Most Similar Word Vectors to “Sustainability” and “Profitability” Over Time.
Note: Column “Prior” indicates the cosine similarity of the vector of the focal word to its own vector one period prior. Cosine similarities of the listed word and the focal word are provided in parentheses. HSE = health, safety, and environment; EHS = Environment, health, and safety; CSR = corporate social responsibility; ESG = environmental, social, and governance.
In all, this brief application highlights the unique insights that can emerge when leveraging longitudinal organizational website data. It reveals that the meaning of some—but not all—concepts in organizational discourse, as captured by how organizations discuss them on their websites, changes over time. Thus, work that analyzes textual data generated by organizations should critically consider the extent to which the fundamental meaning of focal concepts differs depending on the time period under consideration.
Discussion and Conclusion
Organizational websites offer researchers access to unique perspectives compared to other data sources, such as firm disclosures (e.g., Hoberg & Phillips, 2010). Nevertheless, collecting and analyzing the unstructured big data necessary for such research remains a major bottleneck—especially concerning website data over time. We provide a framework and toolkit that enables researchers to leverage the latent potential of these data—offering a four-step tutorial, an open-access codebase, and a novel database. Following suggestions in recent work (Boegershausen et al., 2022; Edelman, 2012; Landers et al., 2016; Powell et al., 2016), we have designed our approach around Archive.org's Wayback Machine and critically evaluated the data it provides. As a result, we offer, to the best of our knowledge, the first systematic empirical validation of this rich database's data quality and coverage.
Our approach to collecting longitudinal website data at scale that works with any website sparks novel research avenues that leverage websites’ texts, their multimodal nature, and/or their HTML code. Table 4 summarizes the nonexhaustive list of research avenues that we discuss below. First, future research may explicitly consider how the effects of variables constructed using organizations’ website texts compare to those generated using other data sources. For example, while organizational distinctiveness can be operationalized using many different variables (Deephouse, 1999; Zhao et al., 2017), work to date has largely remained agnostic about the implications of doing so. Yet, positioning oneself as different from competitors online should have substantially different consequences than distinctively arranging strategic resources: The former is highly visible yet may be merely rhetorical, while the latter is less visible yet entails actual resource allocation decisions. Therefore, operationalizations of distinctiveness based on differing data sources promise to have strong theoretical implications (Durand & Haans, 2022).

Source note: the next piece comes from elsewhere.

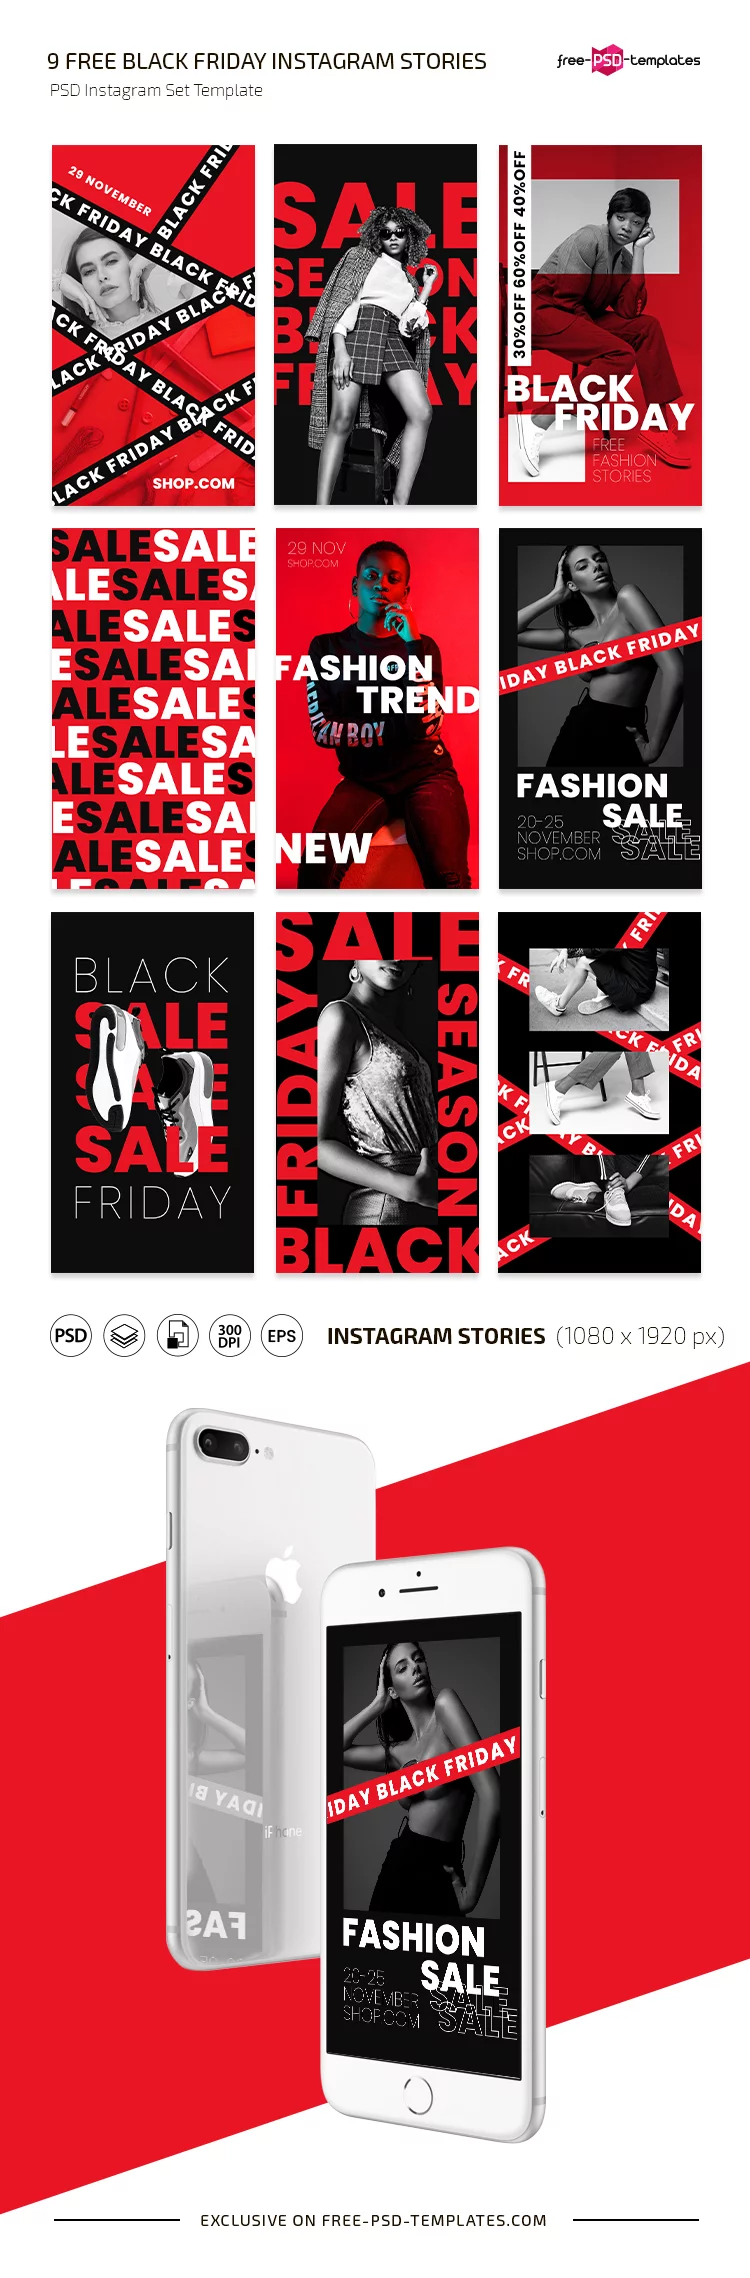 Free Black Friday Instagram Stories Set Templates in PSD + Vector (.ai+.eps)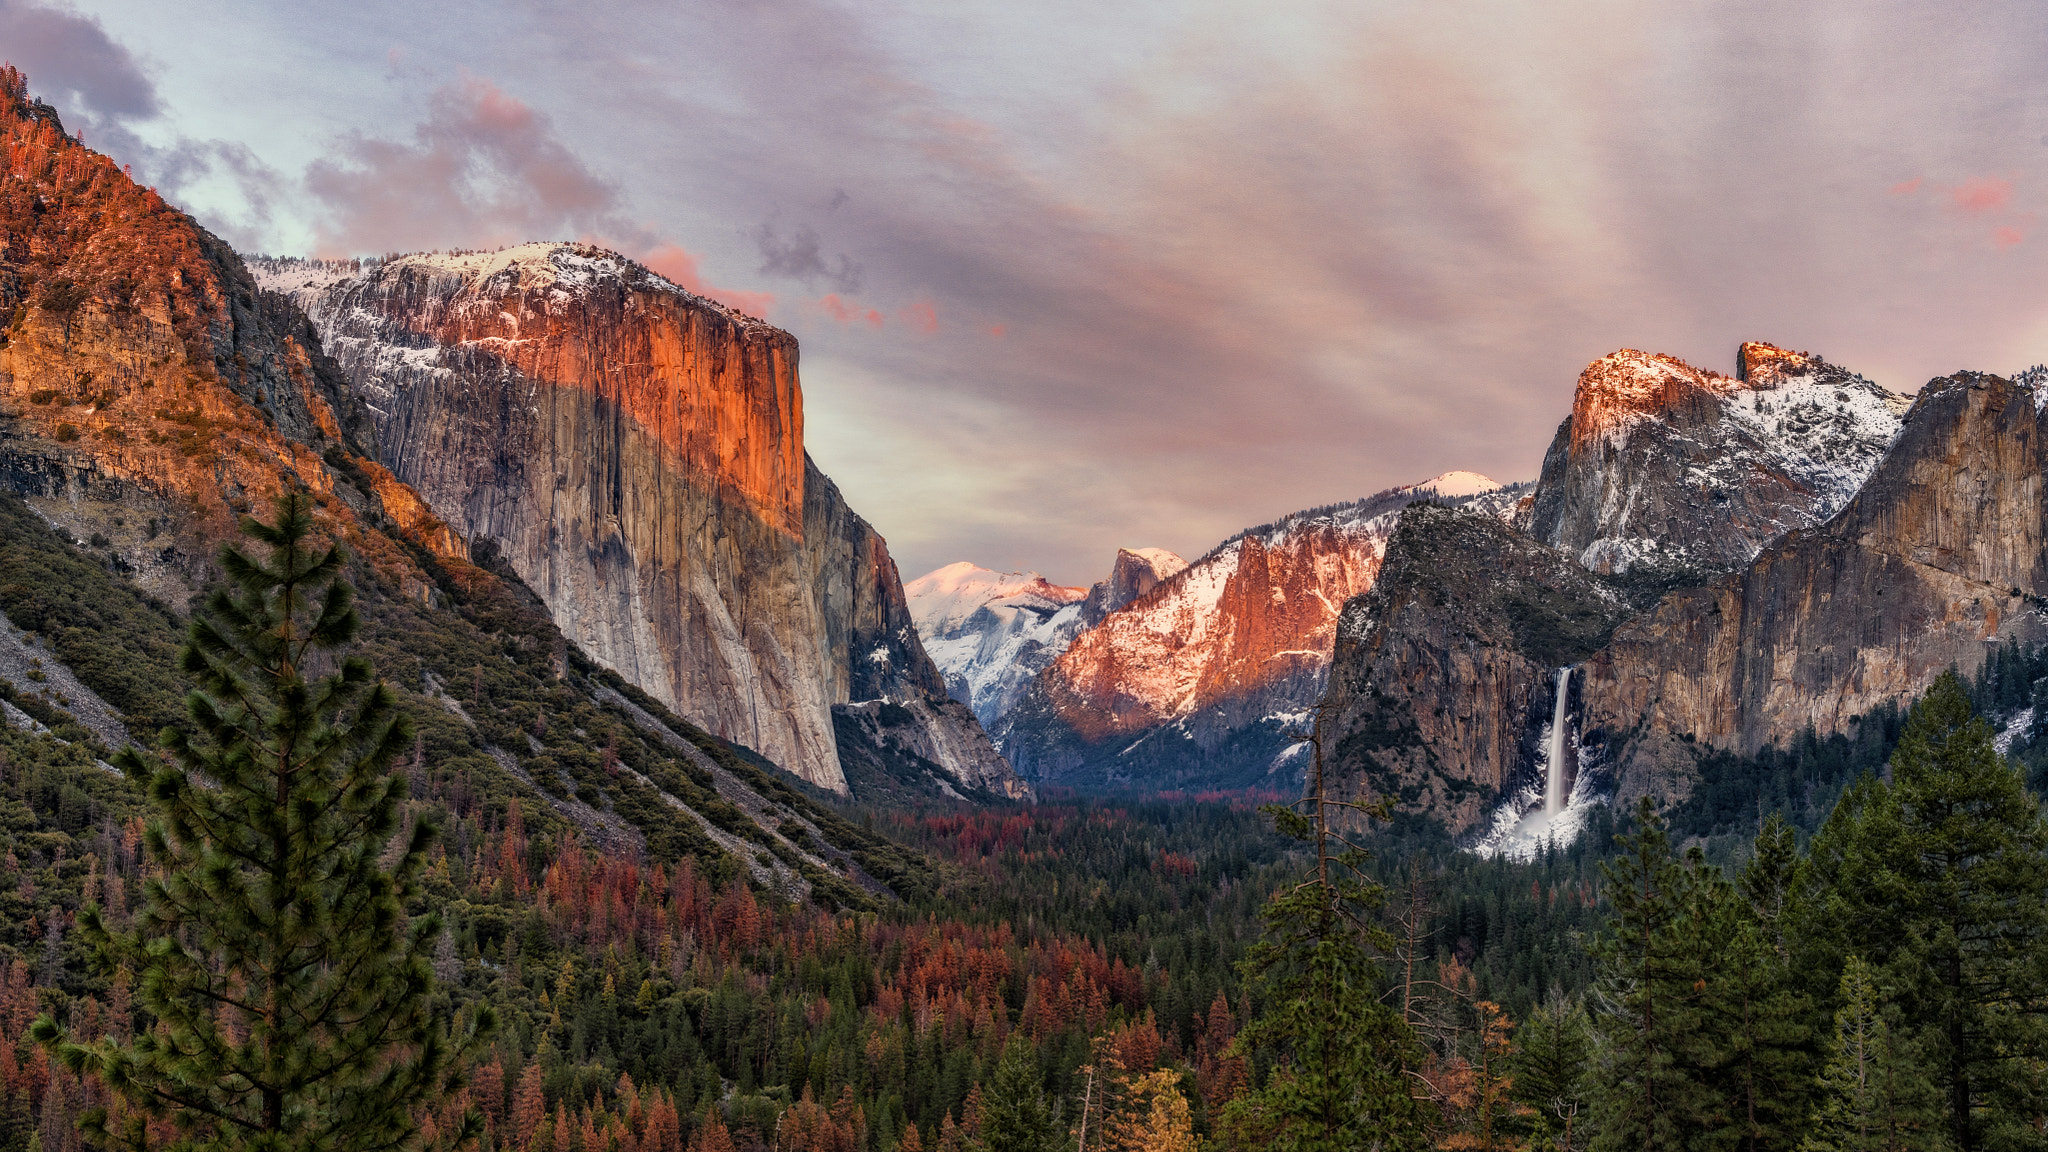 Sony a99 II sample photo. Tunnel view during winter sunset photography

Examples of Approaches to Using Website-Based Data for Future Organizational Research.
A second research opportunity regarding website texts lies in how they enable the categorization of organizations into groups based on more fine-grained and multidimensional data than traditional approaches. Indeed, much work in organization research hinges on comparisons between firms, requiring researchers to define which firms are considered and compared. Here, work commonly relies on established industry classifications, such as SIC Codes, to determine the set of relevant firms. More recently, however, scholars have attempted to develop inductive classifications using dictionary-based approaches (Hoberg & Phillips, 2010), topic modeling (Guo et al., 2017; Shi et al., 2016), and embeddings (Guzman & Li, 2023). Organizational website texts enable researchers to devise such bottom-up, positioning-based classifications for all organizations with a website. For example, the topic model that we used to summarize the textual content of firms’ websites also enables the granular identification of industries, their concentration, and changes therein over time. Moreover, website texts can be used to operationalize firms’ strategic positioning, including their closest competitors (Guzman & Li, 2023). In contrast to approaches using mandatory disclosures as their source of organizational textual data (e.g., Hoberg & Phillips, 2010), website-based insights can also be generated for third-sector industries and private entities with minimal disclosure requirements. Website data can, thus, offer novel insights on topics such as strategic groups, organizational ecology, and competitive dynamics for types of organizations not captured in other data sources (Carroll, 1984; Hannan & Freeman, 1977; McNamara et al., 2003; Porac et al., 1989).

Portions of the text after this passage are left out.